Они с Петерсеном, как зачарованные, стояли и смотрели на монстра. Их транс длился не более секунды, но этого времени было вполне достаточно, чтобы зверь бросился к ним, схватил Петерсена, повалил на пол и разорвал ему горло. Из огромной раны вырвался фонтан крови, забрызгав Невиллу брюки и башмаки. Словно внезапно очнувшись от кошмарного наваждения, Невилл шарахнулся назад, с треском захлопнув за собой дверь. Он кубарем скатился со ступенек, бросился к лимузину и прыгнул на переднее сидение. Он гнал машину с бешеной скоростью, не обращая внимания на ругательства Бриггса, не разбирая дороги и толком не зная, где находится, одержимый лишь одной мыслью: им нужно бежать, спасаться, потому что Клаудиа обнаружила их, она знает, кто они и где их искать, и хочет убить их, всех до одного убить.
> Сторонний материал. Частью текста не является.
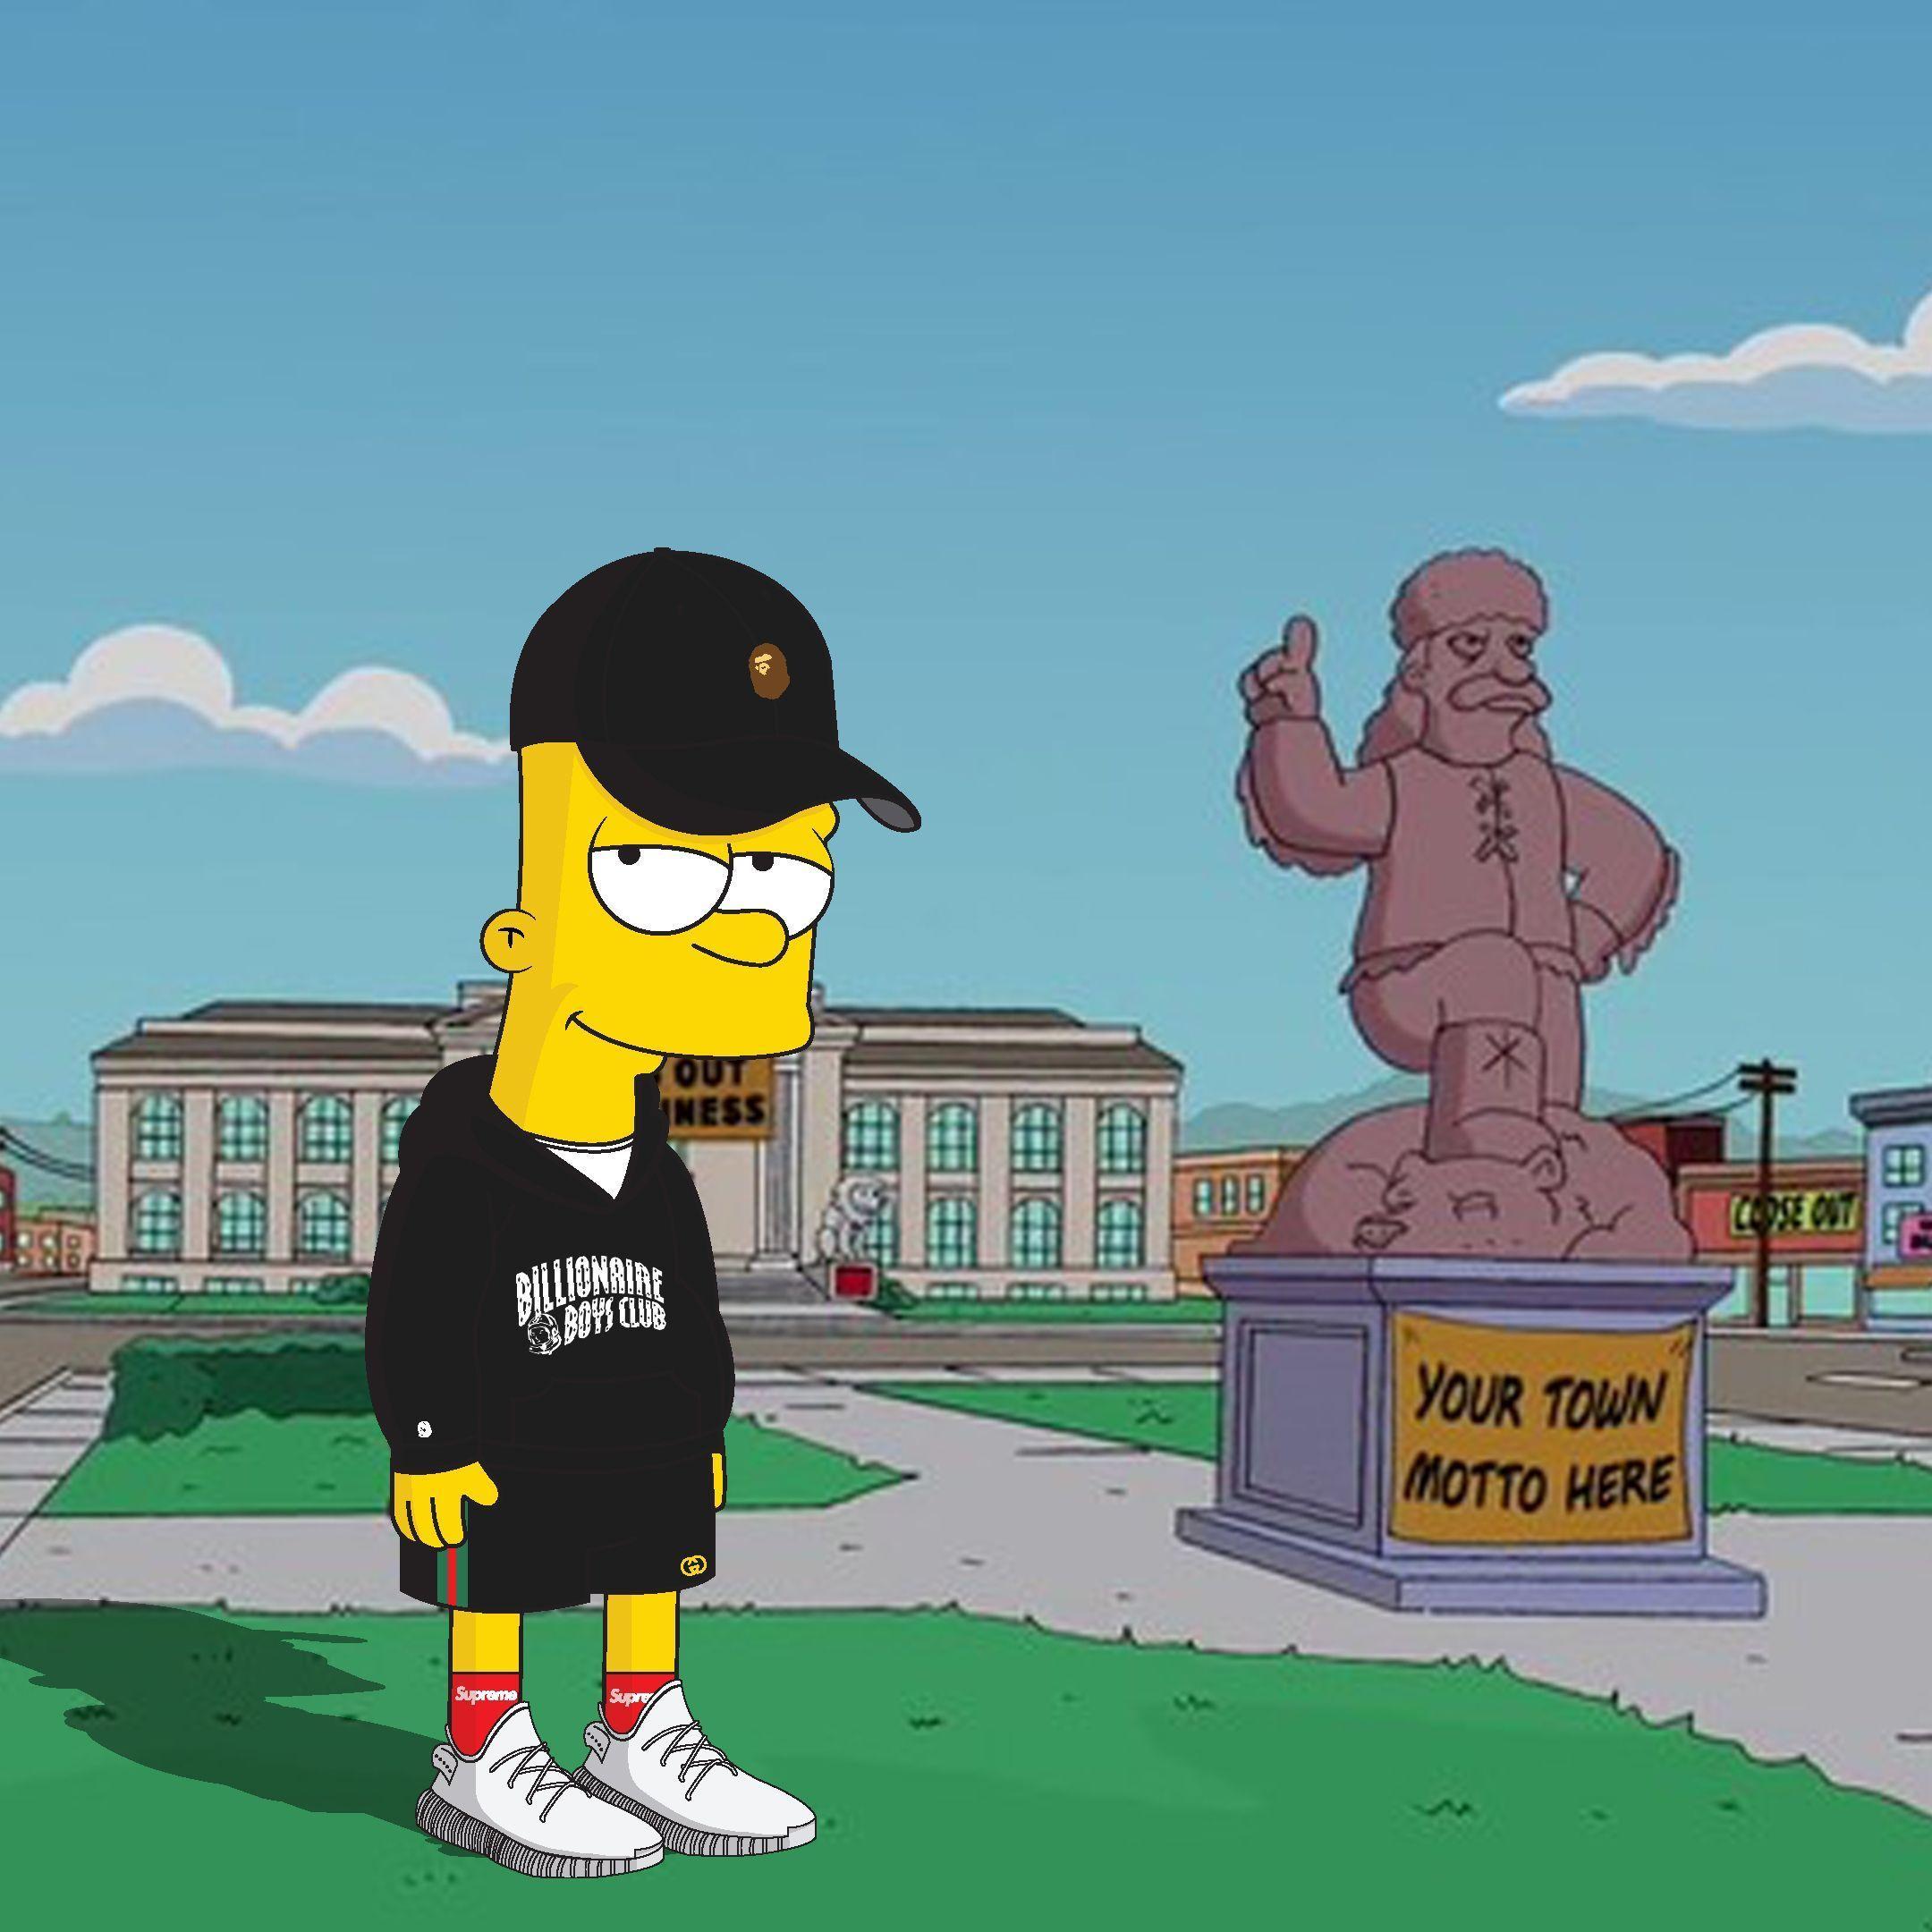 Hypebeast Bart Simpson Wallpapers Top Free Hypebeast Bart

— Преподобный! — заорал Бриггс;- Если вы сейчас же не остановитесь, я пристрелю вашу жену!

Невилл посмотрел в зеркало.

— Сзади! — крикнул он. — Сзади!

Бриггс обернулся. Его лицо залила смертельная бледность.

— О, черт! — прошептал он.

Оборотень настигал их.

Невилл гнал как сумасшедший. Мимо пустынного в этот час муниципального парка, мимо городского Концертного зала, мимо темных безмолвных зданий. Он гнал уже не одну милю, а зверь не отставал, наоборот, казалось, что с каждым мгновением он становится все ближе и ближе. Вдруг Невилл резко нажал на тормоза, чтобы не столкнуться с одним из огромных дубов, которыми обсажен бульвар Линкольна. И этой секундной потери скорости было достаточно, чтобы монстр, одним махом сократив разделяющие их метры, запрыгнул на багажник автомобиля.

Невилл вновь нажал на газ, но зверь держался крепко и в следующий момент, ударив могучей лапой, разбил заднее стекло. Луиза закричала, но ее крик заглушили вопли Бриггса, оказавшегося следующей жертвой оборотня, который словно чудовищными граблями провел когтями по лицу «кнута», напрочь сдирая губы и нос и практически выдрав у несчастного правый глаз.

Невилл видел все, что происходило сзади. Он снова резко нажал на тормоз, и в этот раз чудовище, не удержалось, перелетело через крышу автомобиля и грузно упало на дорогу перед колесами. Бриггс открыл дверь и выпал на обочину в тот самый момент, когда Невилл нажал на газ, и машина, взревев, наехала на оборотня. Поверженный наземь монстр страшно закричал. У Невилла мелькнула надежда на опасение, но в следующий момент он понял, что это крик ярости, а не боли, ибо оборотень был снова на ногах и опять бросился в погоню за удирающим автомобилем, «забыв про истекающего кровью «кнута», скорчившегося на обочине.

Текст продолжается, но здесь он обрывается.